To build and deploy efficient Vision Intelligence applications, there are various NVIDIA tools available:

Pre-trained Models: Using purpose-built models like PeopleNet and DashCamNet combined with the Transfer Learning Toolkit (TLT) can dramatically accelerate AI training times.
Custom Training: Developers can also choose models like DetectNet or SSD to customize for their applications.
Custom Model Development: While more time-intensive, building a custom model is an option for sophisticated use cases.

NVIDIA’s DeepStream SDK serves as a comprehensive streaming analytics toolkit designed for real-time AI-based video and image understanding, providing optimal performance on a variety of GPU hardware.

Overview of DeepStream SDK Features

DeepStream SDK encompasses an entire software stack, from the application level down to compatible hardware. Developers can use C++ or Python via DeepStream Python bindings to construct pipelines effectively.

Pipeline Processing in DeepStream

The DeepStream pipeline architecture enables users to capture a stream of data, decode frames, perform obligatory preprocessing, batch the streams, conduct inferencing, and track objects for insights. Output can either involve storing the video or sending metadata to the cloud.

Key Features of DeepStream 5.0 Release

Recently, DeepStream 5.0 GA was announced, which includes enhanced features tailored for building intelligent video analytics services:

Python samples to aid development
Bi-directional messaging for real-time monitoring
Over-the-air (OTA) model updates without downtime
Smart record for efficient storage and retrieval

Bi-directional Messaging and Over-the-Air Updates

DeepStream supports bi-directional messaging using Kafka, empowering real-time communication and control between the cloud and edge devices. Additionally, OTA updates allow for continuous improvement of AI models in production.

Security Features

Security in IoT, especially concerning sensitive data, is paramount. The platform supports two-way TLS authentication, ensuring secure communication between edge devices and the cloud.

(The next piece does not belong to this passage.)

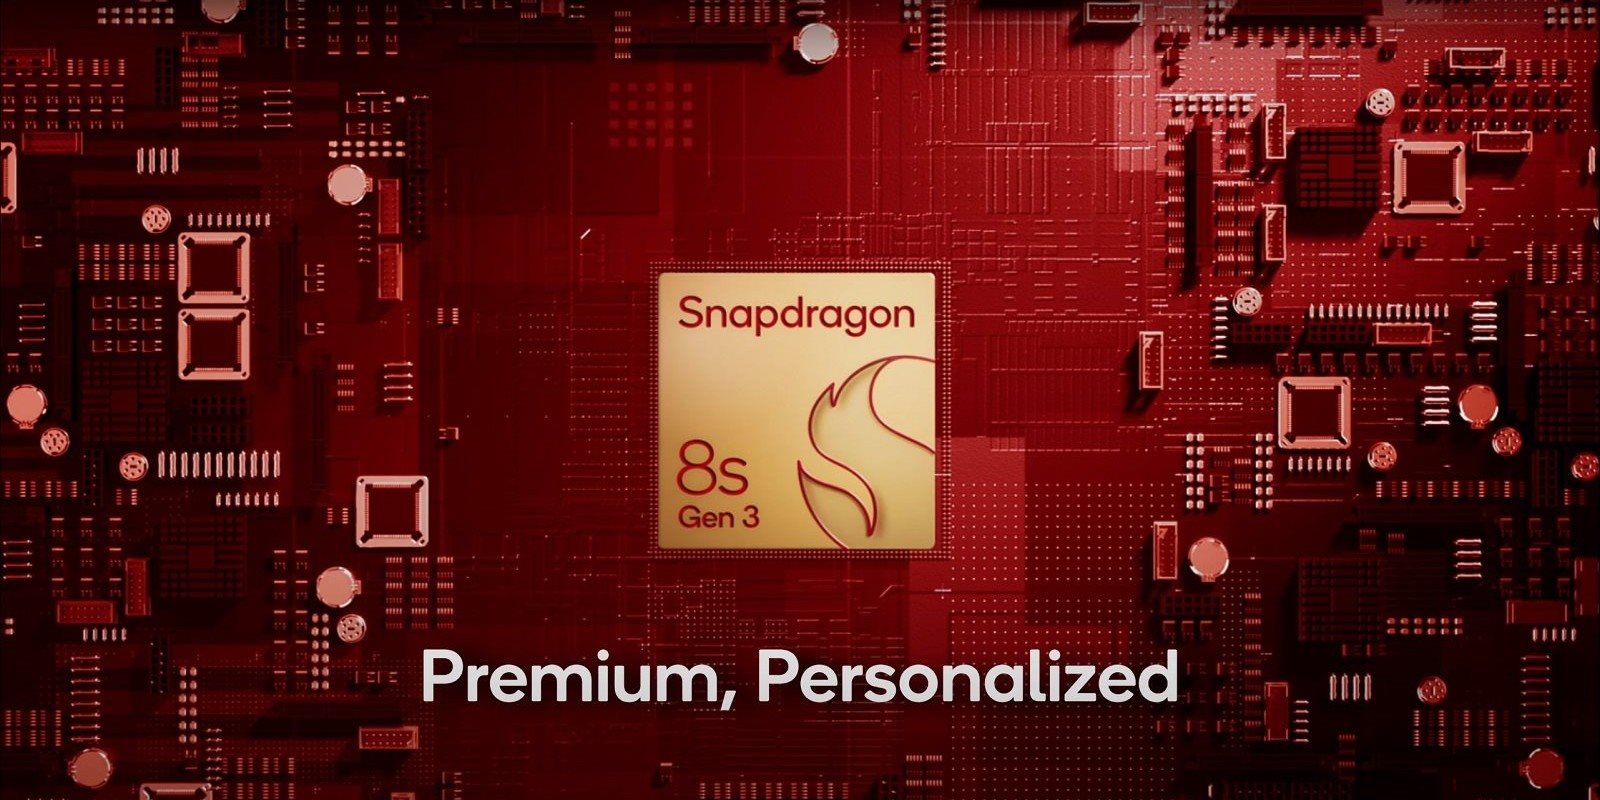 Qualcomm Snapdragon 8s Gen 3, Vorstellung

Building Reference Applications

Industry-specific use cases range from people analytics and social distancing monitoring to face mask detection. These applications leverage NVIDIA’s pre-trained models and comprehensive toolsets, providing templates and guidelines for developers.

Conclusion

In summary, implementing reliable and accurate AI for intelligent video analytics can be challenging but achievable with the right tools and strategies. NVIDIA’s DeepStream SDK, along with the Transfer Learning Toolkit, provides the flexibility and scalability needed to efficiently process video streams and gather actionable insights.

Keywords

Intelligent Video Analytics
Real-time Insights
NVIDIA DeepStream SDK
Transfer Learning Toolkit
Bi-directional Messaging
Over-the-Air Updates
Face Mask Detection
Social Distancing Monitoring
Object Tracking

FAQ

Q1: Can I create a plugin for DeepStream SDK in Python?

Yes, you can create a plugin in Python, although currently there are no sample applications showcasing this yet.

Q2: How does DeepStream handle model compatibility and conversion?

With the launch of DeepStream 5.0, users can now deploy models from various frameworks such as TensorFlow and PyTorch through the Triton Inference Server, enhancing flexibility in model deployment.

Q3: What algorithms does DeepStream use for object tracking?

DeepStream includes three tracking algorithms: KLT, intersection of human bounding boxes, and NVDCF, which employs correlation filters.

Q4: Can I redact faces in videos using DeepStream?

Yes, DeepStream supports face redaction before saving video streams, with additional information available on the developer blog.

Q5: Is OTA supported only for model updates?

Currently, OTA is only supported for updating AI models and does not extend to library updates.